4. Ngiyas Sukutunggal

Kemudian bagian-bagian yang halus dari galih itu, diambil dengan “sidu” dan dimasukkan
pada kelungah nyuh gading yang telah dikasturi. Kalungah Nyuh Gading itu lalu dikasi
jalinan bambu berbentuk tri tunggal (segi tiga dengan arah lancipnya kebawah) dihiasi
pakaian putih (udeng sekah) dibuatkan prarai dengan kwangen dan dilengkapi dengan hiasan
bunga. Sebagai symbol Omkara, lambang kehidupan, yaitu untuk Bayu, Sabda, dan Idep (Tri
Premana). Kemudian di perciki tirtha Penglukatan, Biyakala, Durmangala, Prayascita,
Pengulapan. 

5. Prosesi Ngelinggihang Atma

Ida Sinuhun Siwa Putri Parama Daksa Manuaba, nguncarang Sapta Ongkara Atma, sambil
memberikan Bunga Tunjung, Tirtha dan Bija pada Sukutunggal/Puspa. 

6. Proses Ngaskara 

Jika proses ngaskara dilaksanakan di setra, maka proses pangaskaran itu dilakukan setelah
ngelinggihang atma pada sukutunggal dengan membawa (mundut) sukutunggal ke depan Ida
Sinuhun Siwa Putri Parama Daksa Manuaba untuk melakukan proses pepetikan dan
pemberian tirtha padudusan, kalpika serta sirowista. Selanjutnya sukutunggal/puspa kembali
ke bale Pengastrian untuk katur tarpana

7. Narpana

Setelah selesai pangaskaran lalu Ida Sinuhun Siwa Putri Parama Daksa Manuaba memujakan
tarpana. Sajen Tarpana terdiri dari: nasi angkep, bubuh pirata, panjang ilang, nasin rare, plok
katampil, huter-huter, dengdeng bandeng, dan kasturyan (pesucian), guru, pras, soda
panganten putih kuning, daksina, lis (satu soroh eedan). Di sanggar surya dipersembahkan:
suci asoroh. Dalam pelaksanaannya dilengkapi dengan: penyeneng, jerimpen, sayut pasang,
jajan 4 warna yang dikukus, dan tigasan saaperadeg. Di sanggar surya dipersembahkan suci
stu soroh. Upakara di pawedaan (di muka Ida Sinuhun Siwa Putri Parama Daksa Manuaba
memuja): suci, pras, daksina, periuk, kuskusan, dan cedok pepek, lis, prayascita, dumanggala
sekarura, kwangen pangrekan dan uang kepeng 66 biji serta padudusan alit. 

8. Pebhaktian

Setelah selesai narpana keluarga melakukan persembahyangan kepada puspa. 

9. Ngirim (nganyut)

Setelah selesai sembah dari sanak keluarga, lalu dilanjutkan dengan upacara ngirim
(nganyut). Sebelum berangkat sukutunggal/puspa diajak menghadap (tangkilang) pada Ida
Sinuhun Siwa Putri Parama Daksa Manuaba, yang disertai pawisik kepada Sang Atma.
Setelah selesai memberikan pawisik itu, lalu jempana sebagai pengusungan sekah dan galih
yang direka diangkat, lalu mengelilingi pembasmian 3x (mapurwa daksina). Di dalam
perjalanan menuju sungai/batu pekiriman atau laut, setiap menjumpai pura sekah dipamitkan
dengan sembah. Perjalanan hendaknya diikuti dengan kakawin atau kidung. Setelah samapi
di sungai/batu pekiriman atau laut, kain dan perhiasan lainnya diambil.

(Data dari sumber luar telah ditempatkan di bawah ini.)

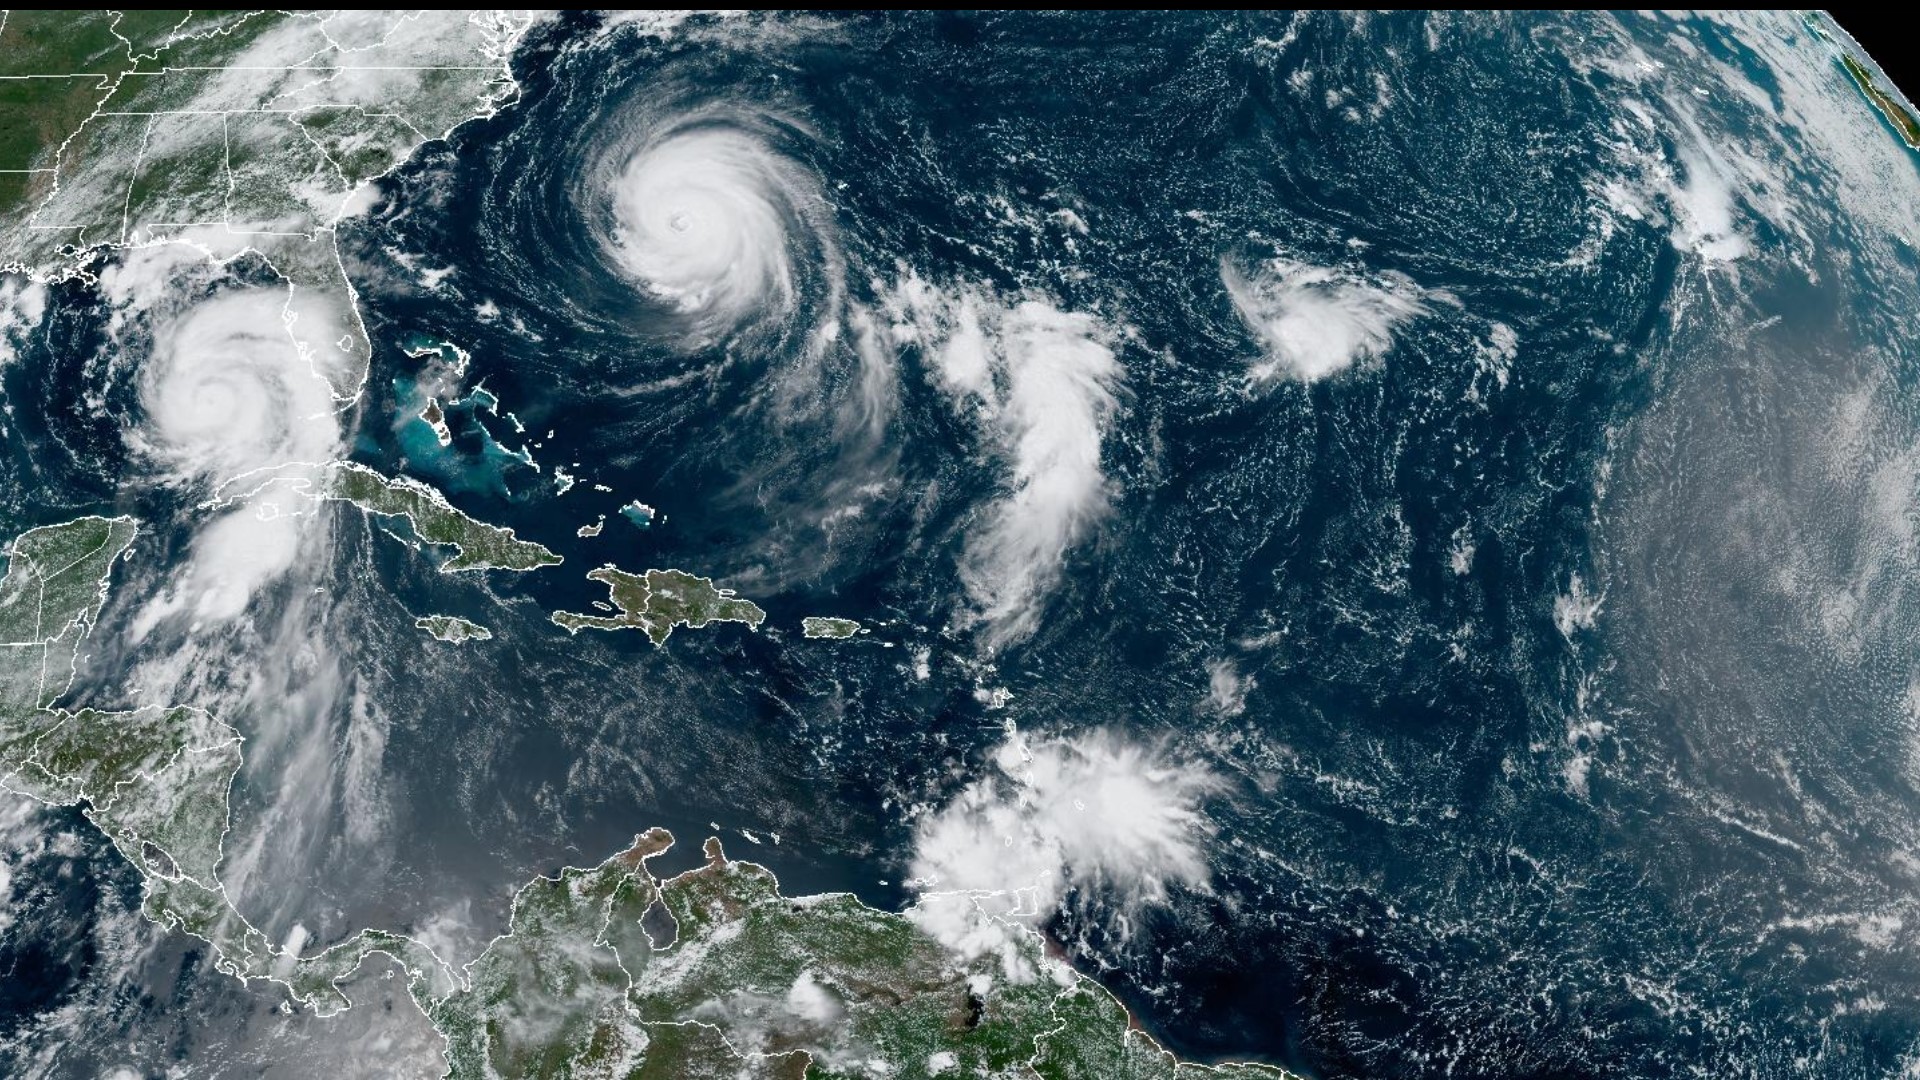 Idalia Satellite images show hurricane brewing along Florida
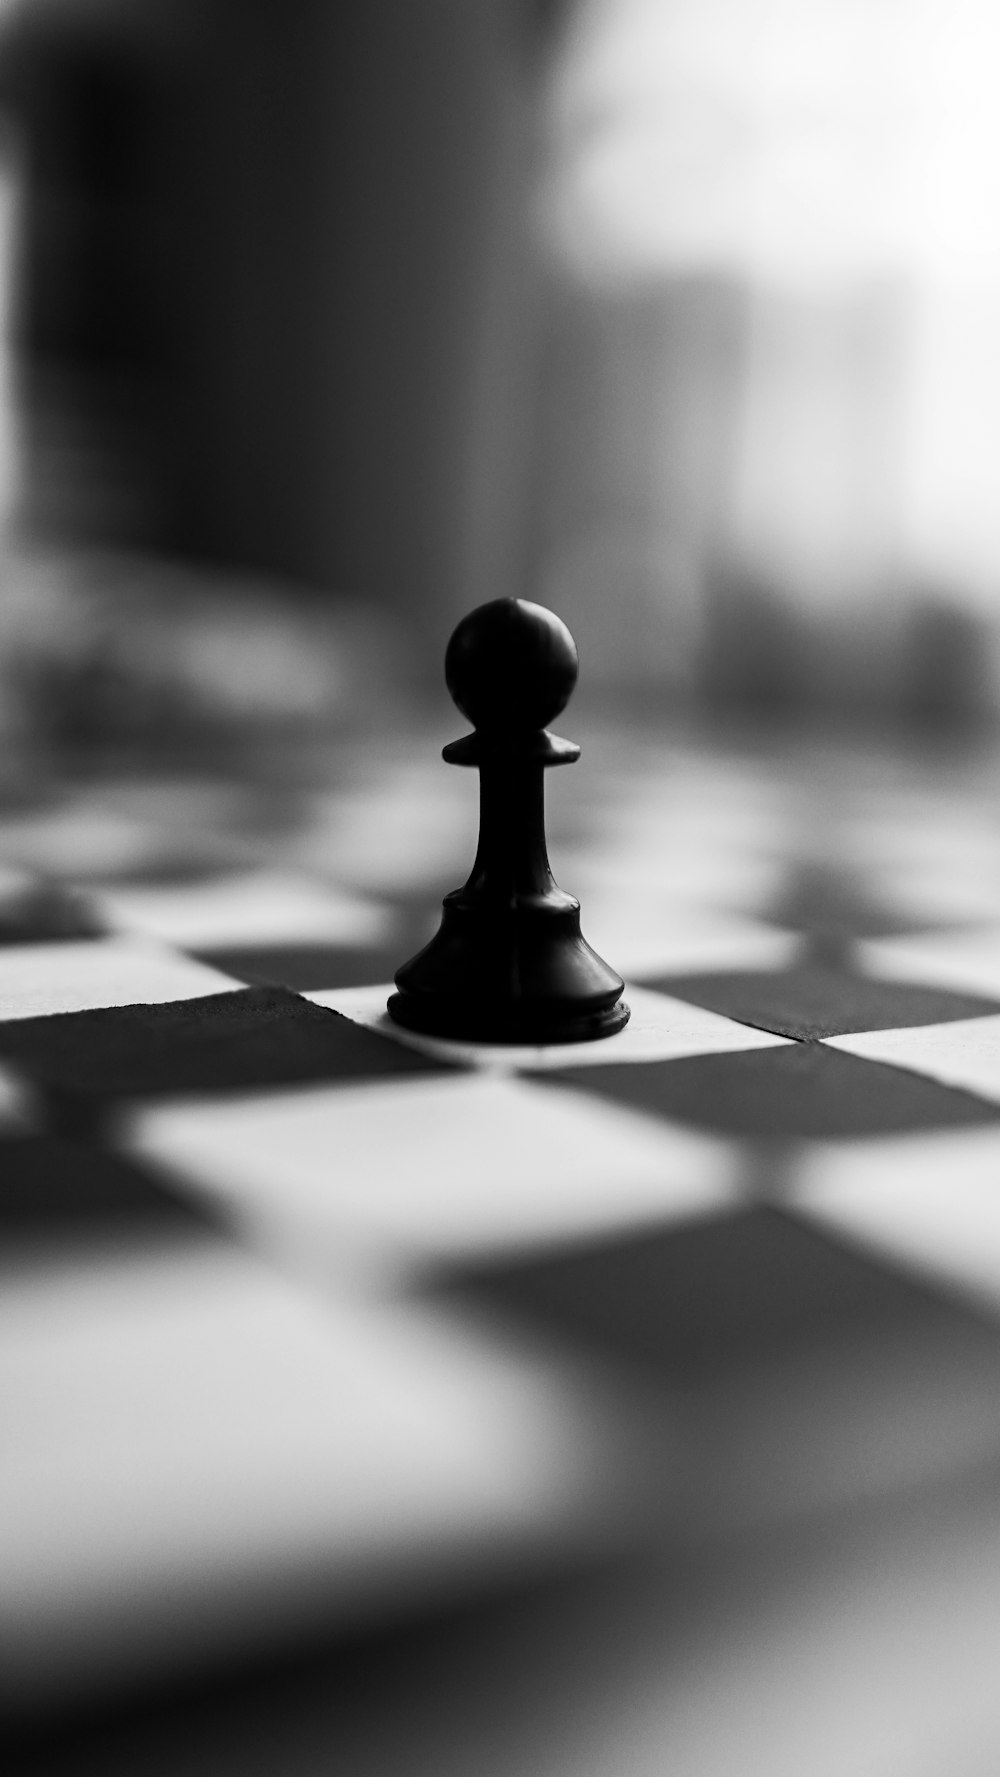 pièce d'échecs noire sur textile à carreaux blanc et noir

# Makna berbagai uparengga yang


digunakan adalah:

1.    Penutup pelepah


daun pinang: makna kembalinya ke unsur2 Panca Maha Butha dan penumadiannya
nanti tergantung buah karmanya.

2.    Toya Pemanah


yang dipakai: bukan toya penembak.

3.    Arang diambil dengan cincin mirah: sarana pengentas agar unsur Panca Maha Buthanya
cepat kembali ke sumbernya Sang Pencipta. 

* Cincin mirah sebagai simbul kekuatan Siwa. 

* Sepit sebagai simkbul kekuatan Ardha Candra sebagai simbul kekuatan nada.

Setelah selesai. Sang Sulinggih melaksanakan upacara pengiriman, sekah dihanyut.


Sebelumnya dilakukan meprelina dimana sekah tunggal dikelilingkan di Pengesengan
dengan arah prasawya (kekiri) kemudian baru nagkil ke Pemuput (wiku) untuk
memohon restu.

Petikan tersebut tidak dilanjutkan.